A man slashed his own throat live on a Facebook stream after being confronted by paedophile hunters in the English city of Liverpool.
The Facebook Live video, now deleted, showed the man going into his car, taking out a knife, and slitting his own throat, according to a MailOnline report.
The emergency services attended the scene and took the man to hospital, where he is said to be in a stable condition.
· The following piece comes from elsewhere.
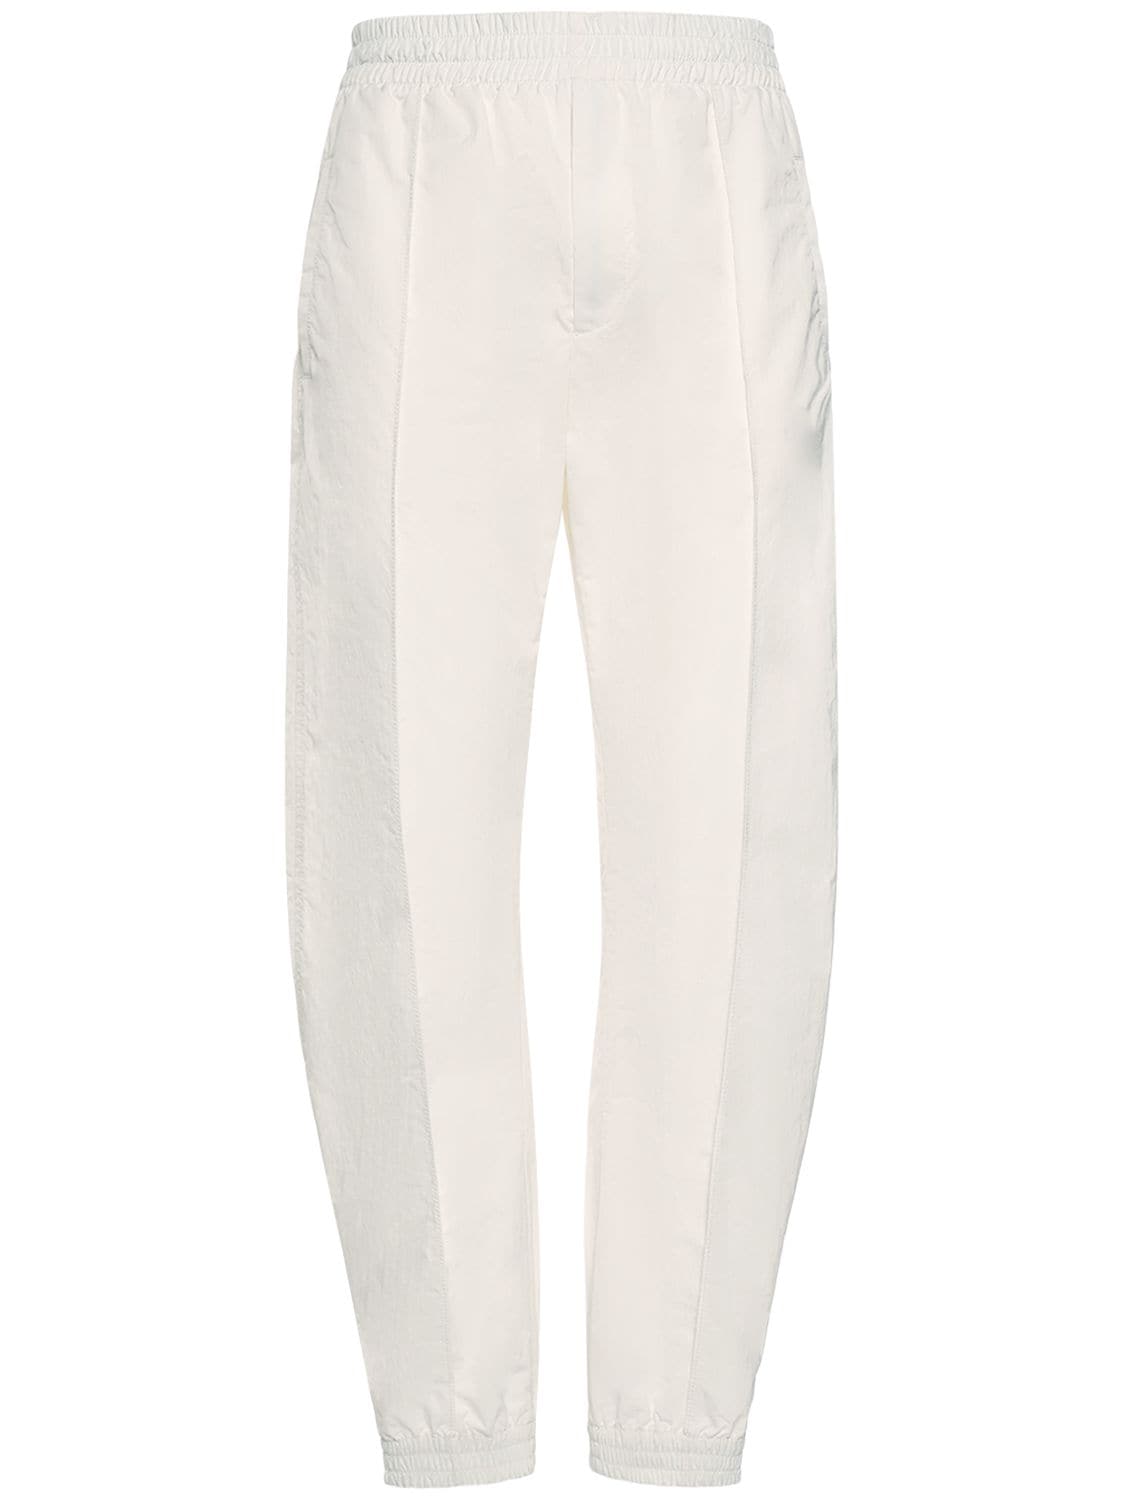 Image of Elastic Waist Tech Nylon Pants

Merseyside Police have not addressed the man’s fate outright, but they have confirmed that they arrested a 55-year-old man from the town of Kirkby has been placed under arrest for allegedly grooming a child under 14 and the possession of a bladed article.
Citizen “paedophile hunters” who pose as children online in order to smoke out predators who try to groom youngsters on the Internet have become increasingly successful in recent years, with BBC research revealing that an astonishing 60 per cent of grooming prosecutions in 2018 drew upon evidence gathered by them.
However, despite — or perhaps because of — this fact, the police and swathes of the establishment media are extremely hostile towards them.
Assistant Chief Constable Dan Vajzovic, the National Police Chiefs’ Council’s so-called lead for online child abuse groups, has gone so far as to allege that “[w]hen [paedophile hunters] say they are acting in the interests of children, largely they are acting in their own interests, their self-aggrandisement and their desire to exercise force against so-called perpetrators of child abuse” — although why this should matter, even if it was true, is unclear, so long as they do manage to bring groomers before the courts.
Vajzovic has also suggested that some of the prosecutions brought as a result of paedophile hunter activity “may have diverted police resources from more significant offenders,” and that, therefore, “the activity of these groups is not positive” overall.
However, the evidence does not suggest that the authorities would be pursuing an equal number of more targeted prosecutions in the absence of paedophile hunters, with The Telegraph noting that just 68 people were convicted of grooming offences in 2013, before the rise of the hunter groups, compared to 359 in 2018.
Indeed, some might argue that British police resentment of paedophile hunters might be rooted in their own sordid history of failure on child grooming, which the hunters’ success as unpaid amateurs might tend to underline.
Most notoriously, forces were far from eager to pursue mostly Muslim, Pakistani-heritage grooming gangs which operated across the country with impunity for decades, with officers told to “try and get other ethnicities” and victims’ parents told their children were “child prostitutes” making a lifestyle choice.
While failure in this area is now acknowledged, few if any officers have actually been held to account personally, with forces still seemingly plagued by political correctness and claims that grooming abuse continues largely unabated.